La mirada de Bu reflejaba arrepentimiento.

—Me alegro de que vinieras,
zh1ng guān
—dijo. Ése era el apelativo cariñoso con el que Bu se refería a él. «Señor.»

Esta vez Jia sonrió.

—Yo también —dijo, cogiéndole la mano. ¿Podría llegar a expresar lo que necesitaba decir? Revelar su corazón sería algo insignificante comparado con los crímenes que habían cometido juntos, y Jia decidió que iba a hacerlo.

«Díselo», pensó.

Entonces salieron despedidos contra el techo con una sacudida tan fuerte que Jia perdió la vista y el resto de sus sentidos a causa del ensordecedor estruendo. Con los violentos golpes arriba y abajo se fracturó el brazo izquierdo. Sintió cómo los huesos crujían en medio de aquel interminable sonido negro. Su pecho impactó contra algo duro. Después su rostro. Es probable que gritara. El sonido era demasiado fuerte como para saberlo, y no paraba de caer y de golpearse en él.

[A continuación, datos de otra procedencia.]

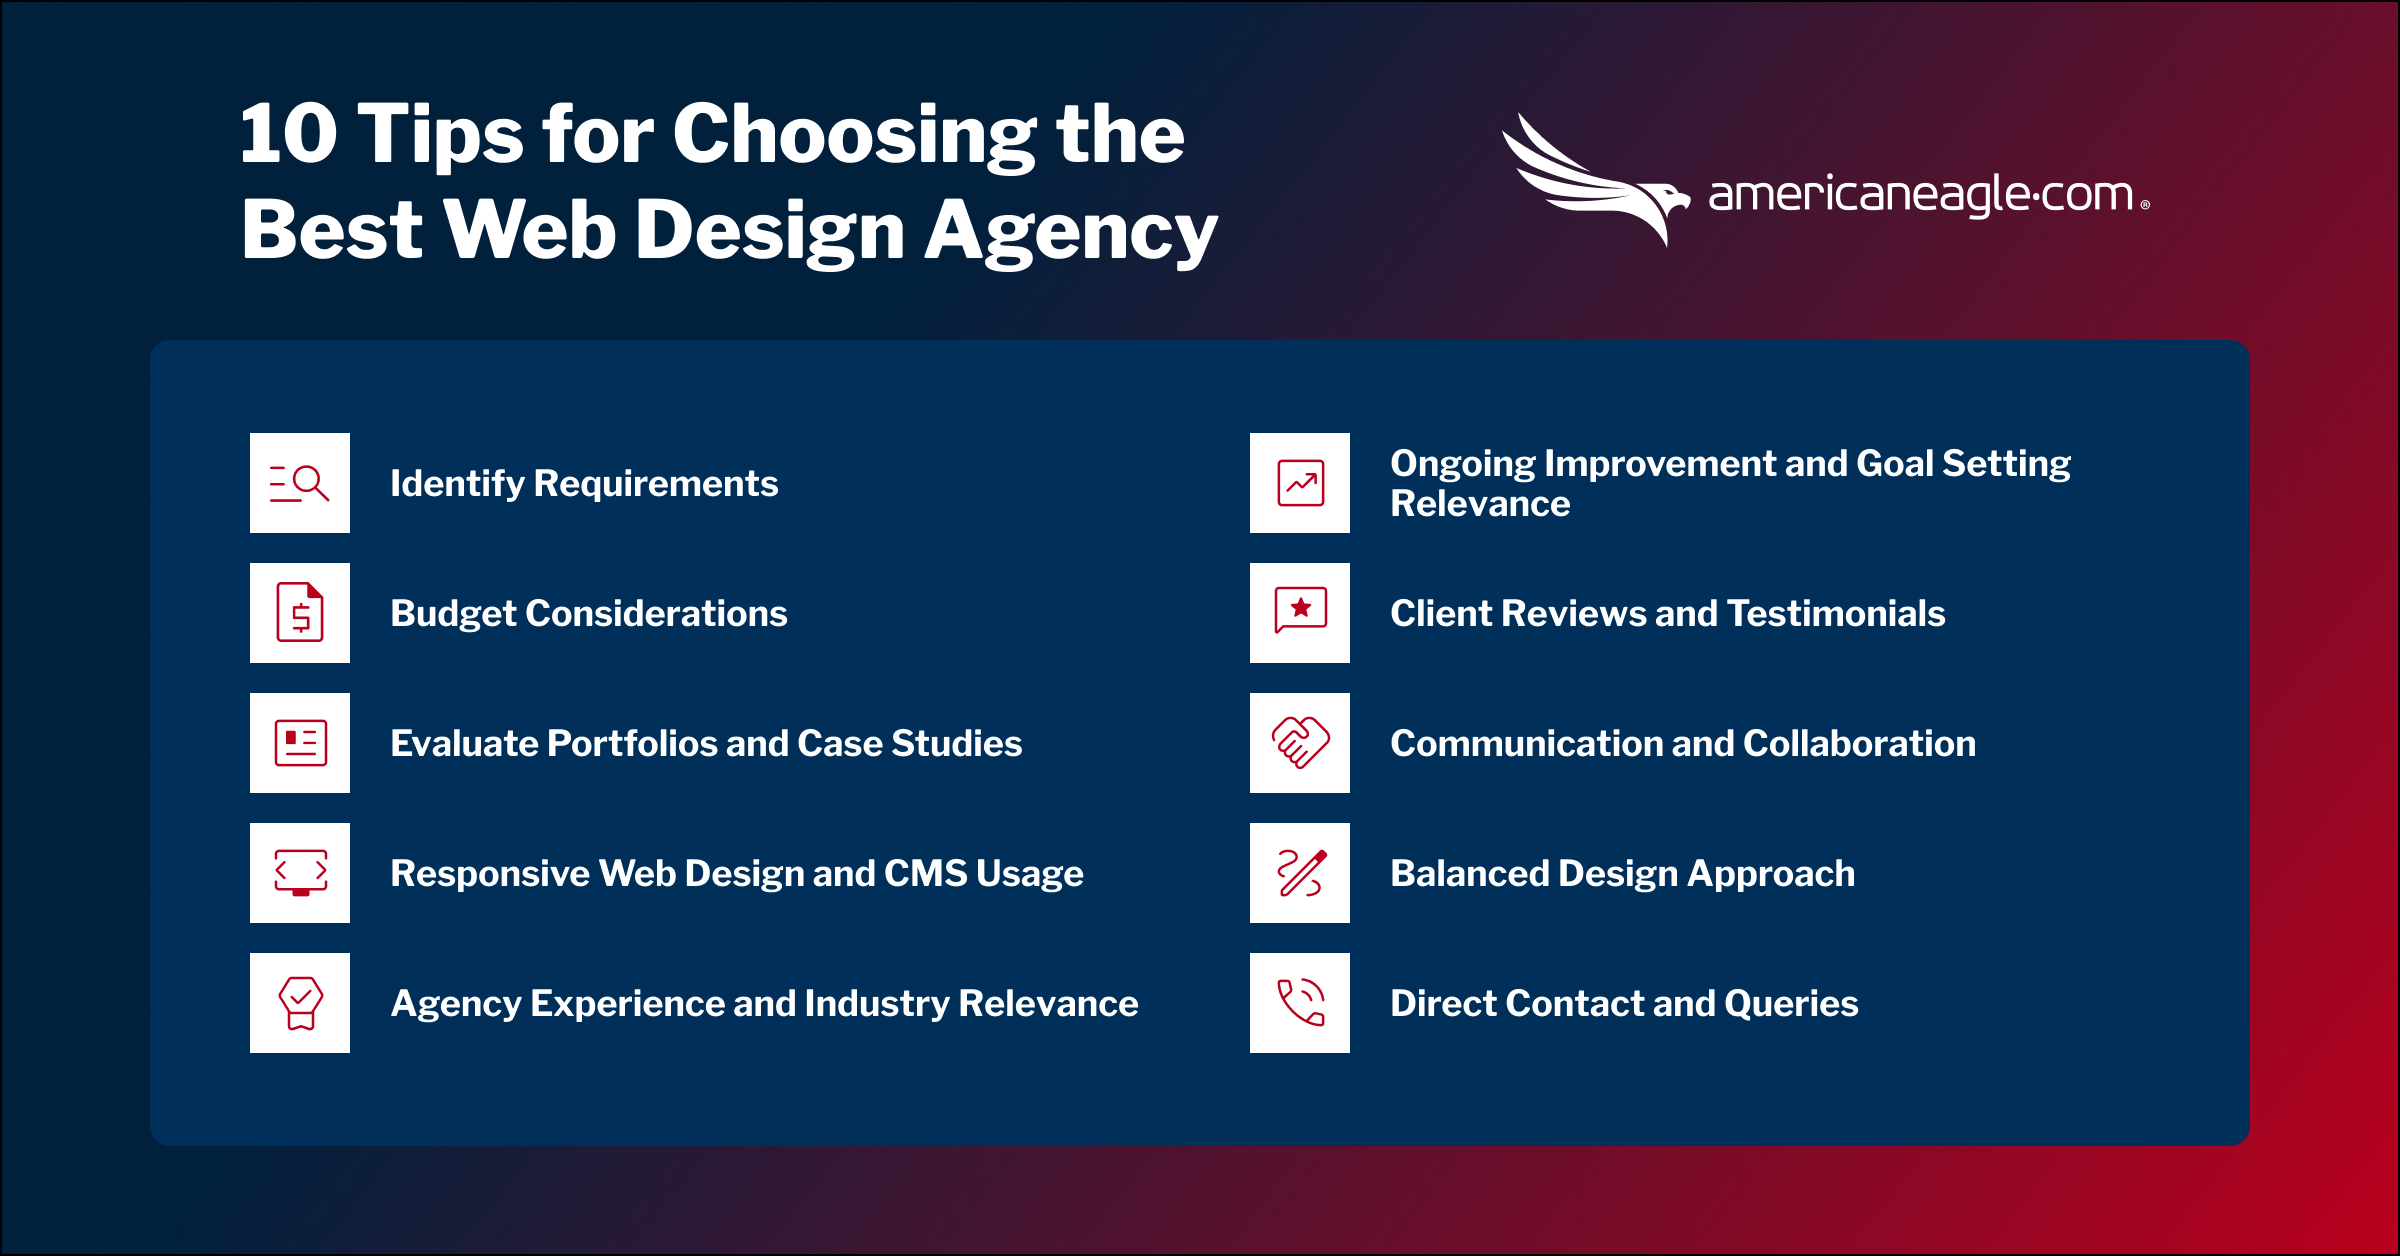 Infographic listing top 10 tips for selecting the best web design agency, including budget and portfolio considerations.

Cuando cesó, había más luz de lo que Jia podía comprender. Era de día. De algún modo, el sótano se había abierto y lo había dejado en un foso lleno de grises pedazos de cemento y otros escombros más pequeños. El aire estaba inundado de polvo. Olía a carne chamuscada, y Jia tanteó el espacio para ubicarse. El cielo estaba todavía oscuro y gris. Aunque las horas anteriores al alba eran mucho más luminosas que unas cuantas bombillas, todavía quedaba una hora para amanecer en California, si es que la mañana llegaba alguna vez.

Se escucharon voces desde la roca. Había papeles tirados por todas partes en pequeños rectángulos blancos. Algunas de las páginas volaban al tiempo que el polvo se levantaba con el mismo aire caliente. Mientras se levantaba como podía, Jia identificó las inesperadas formas de unas camas y aparatos electrónicos aplastados, e incluso la de un camión entero que debía de haber caído allí. Aquel revoltijo estaba también plagado de cuerpos. Sólo algunos se movían. No todos estaban enteros. Jia vio a un hombre muerto atrapado bajo una masa de cemento, y a otro al que le faltaba la mandíbula y un brazo.

Se sentía como si se estuviese despertando de una pesadilla. Tal vez en el fondo siguiera gritando, pero era como si fuese demasiado pequeño como para asimilar lo que había sucedido. Lo que le rodeaba le llegaba a trozos. Vio una puerta destrozada, un depósito de agua reventado y una cajonera de escritorio sin el escritorio. También había un peine de plástico azul entre los escombros, y Jia lo observó sin comprender.

Entonces se acercó hacia el soldado mutilado. Su cara no era la de Bu y la terrible sensación de desconcierto abandonó a Jia por un instante. ¿Dónde habían estado? ¿Era aquello el pasillo?